Given information —
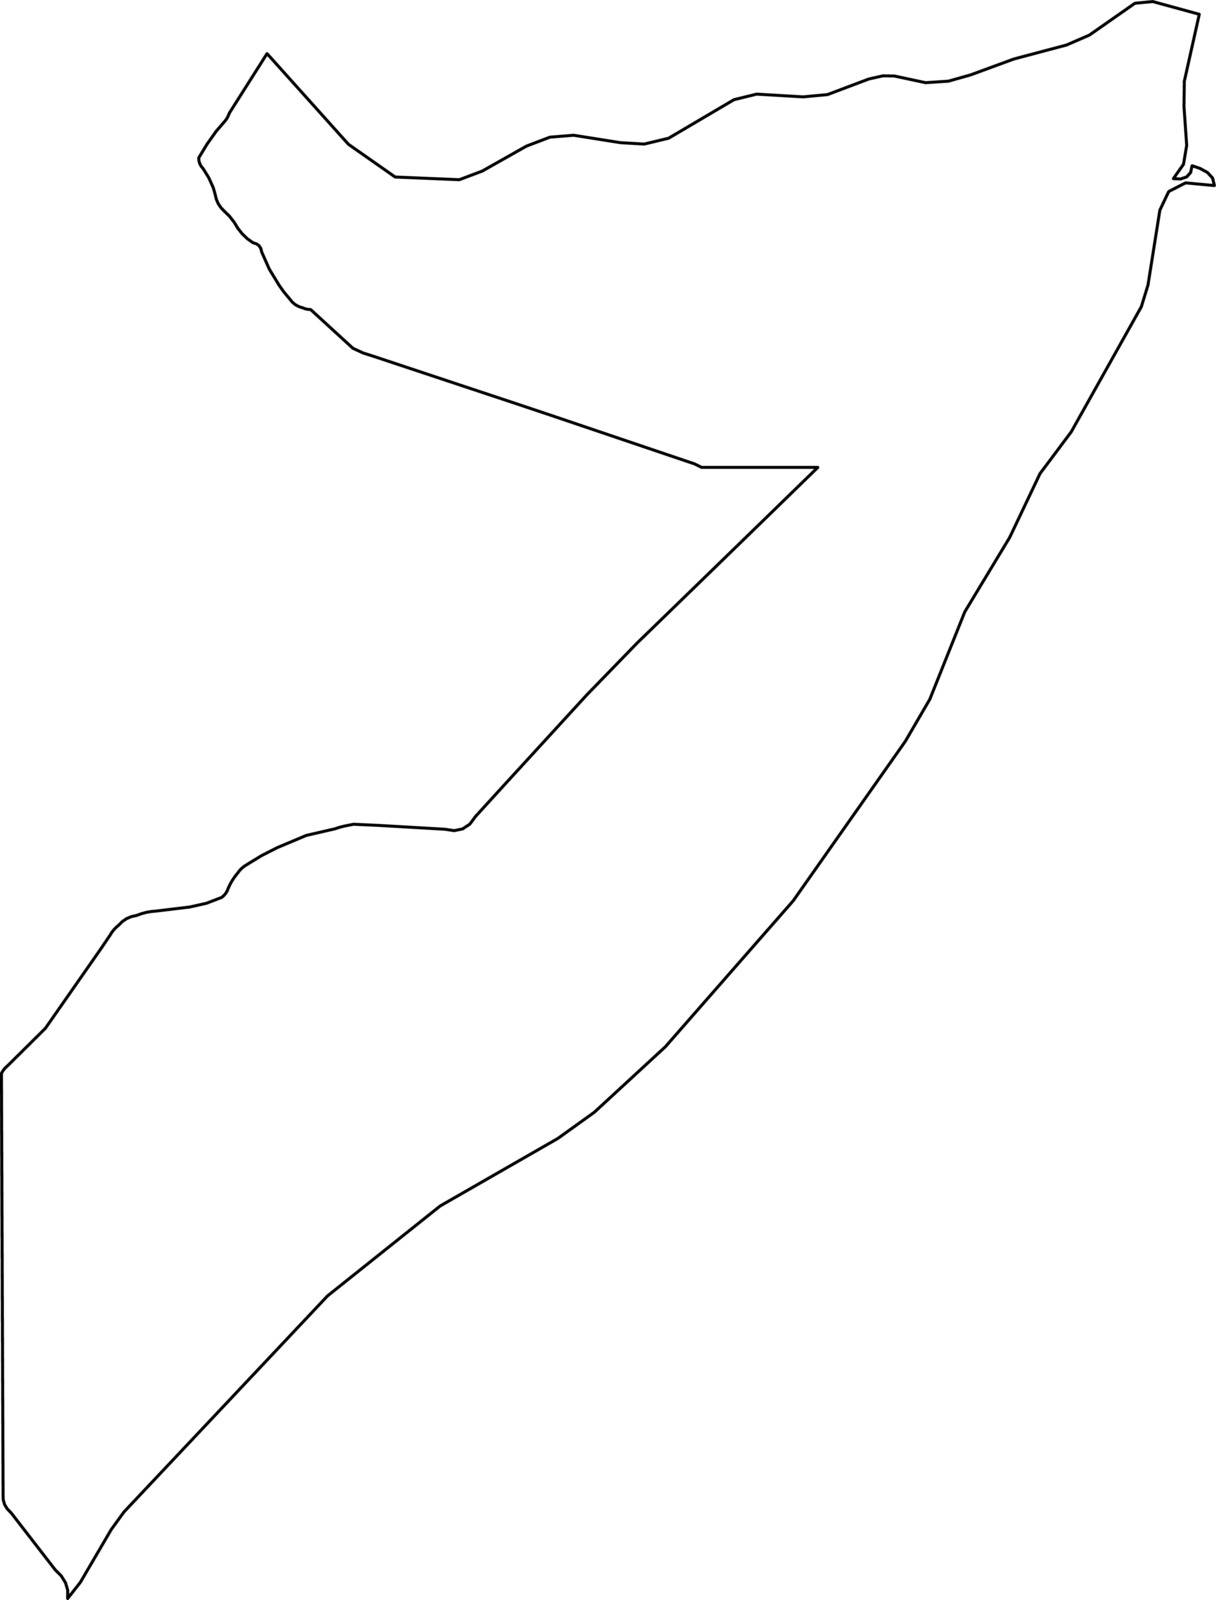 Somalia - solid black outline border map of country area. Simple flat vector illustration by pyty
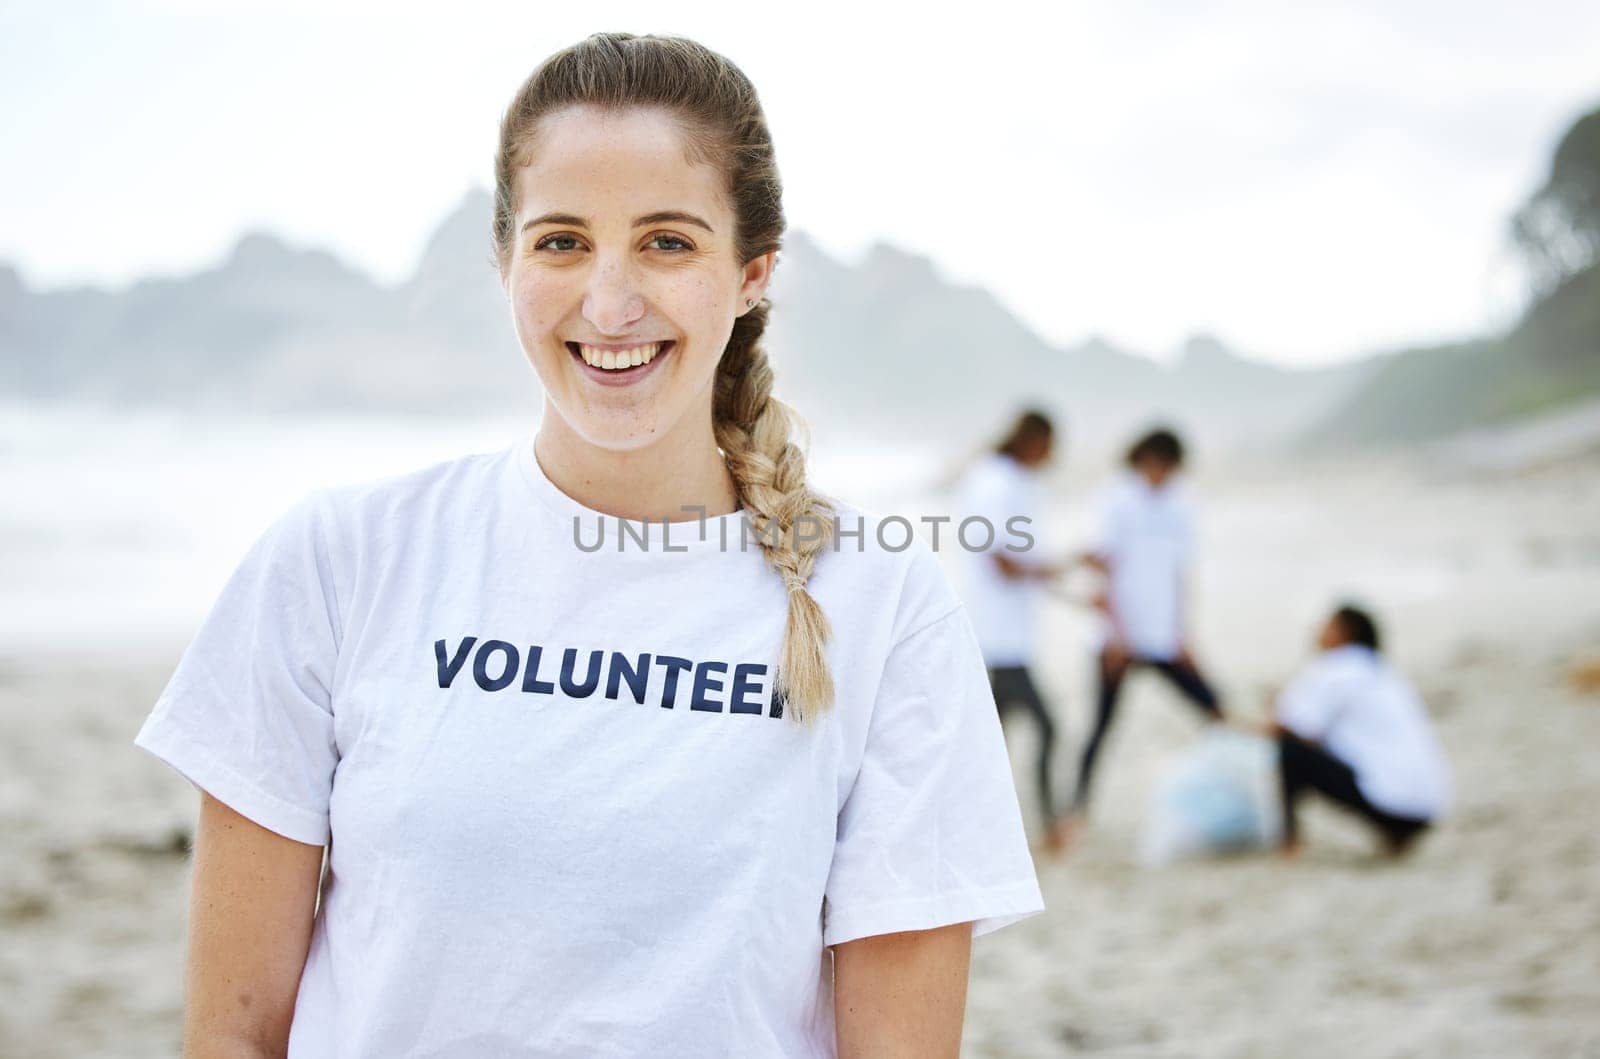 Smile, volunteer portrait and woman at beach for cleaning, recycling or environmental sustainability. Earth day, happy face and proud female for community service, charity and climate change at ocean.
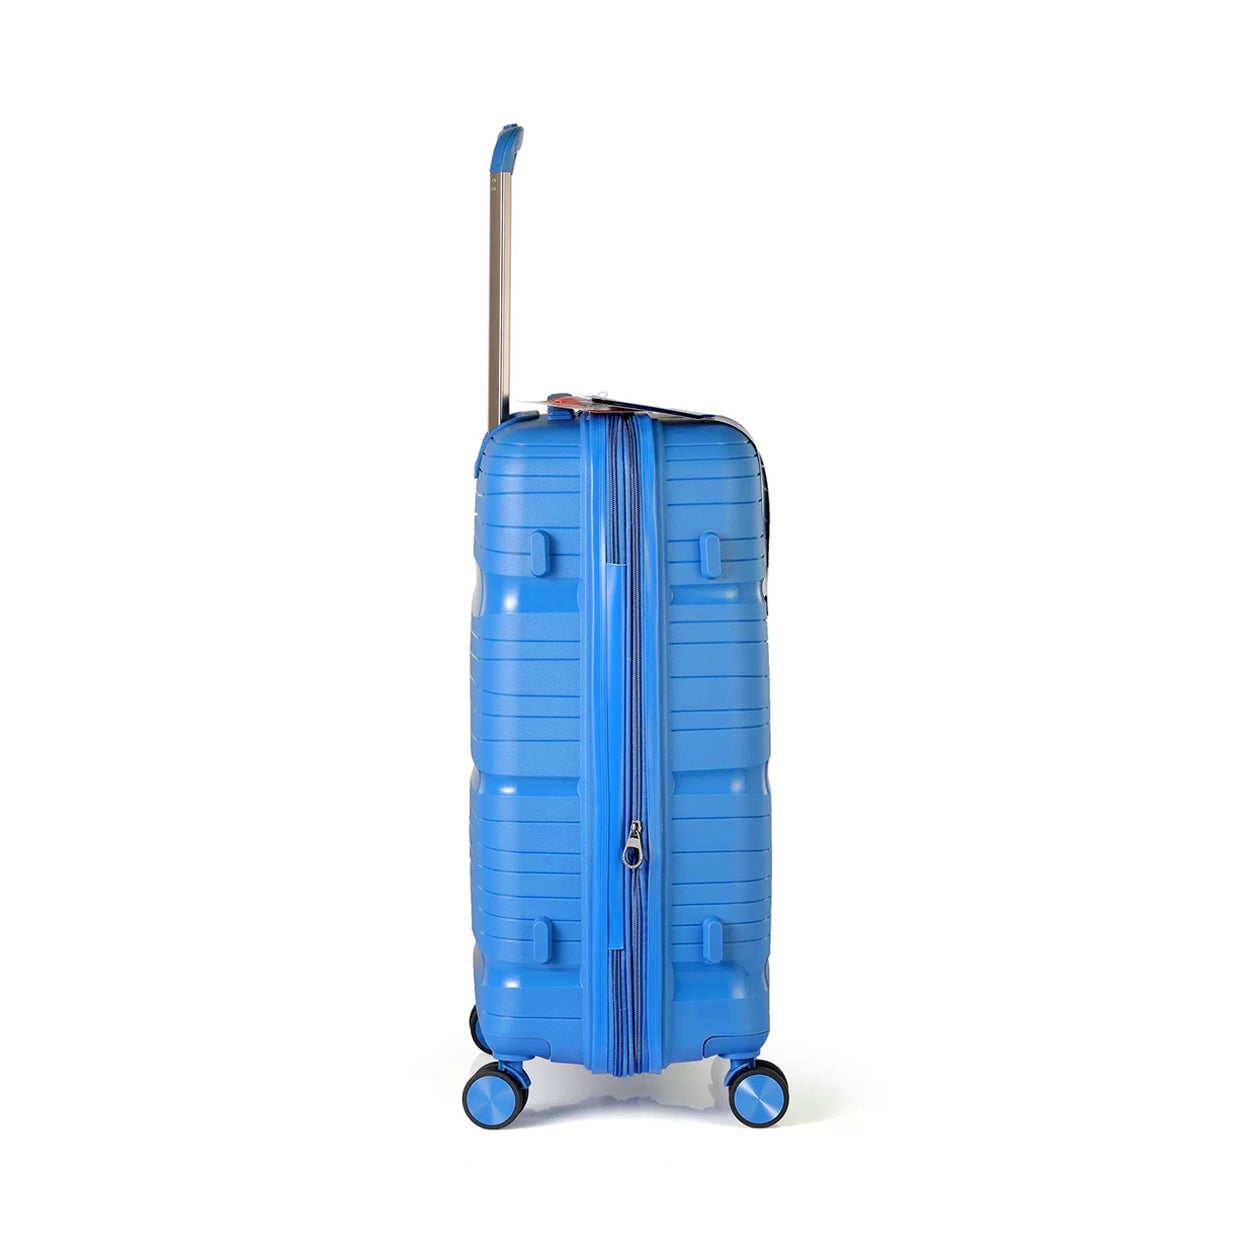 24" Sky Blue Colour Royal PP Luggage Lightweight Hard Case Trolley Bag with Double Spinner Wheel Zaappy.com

Task description —
Write out every line above again exactly, with the pictures left out.

Worked solution —
 Somalia - solid black outline border map of country area. Simple flat vector illustration by pyty
 Smile, volunteer portrait and woman at beach for cleaning, recycling or environmental sustainability. Earth day, happy face and proud female for community service, charity and climate change at ocean.
 24" Sky Blue Colour Royal PP Luggage Lightweight Hard Case Trolley Bag with Double Spinner Wheel Zaappy.com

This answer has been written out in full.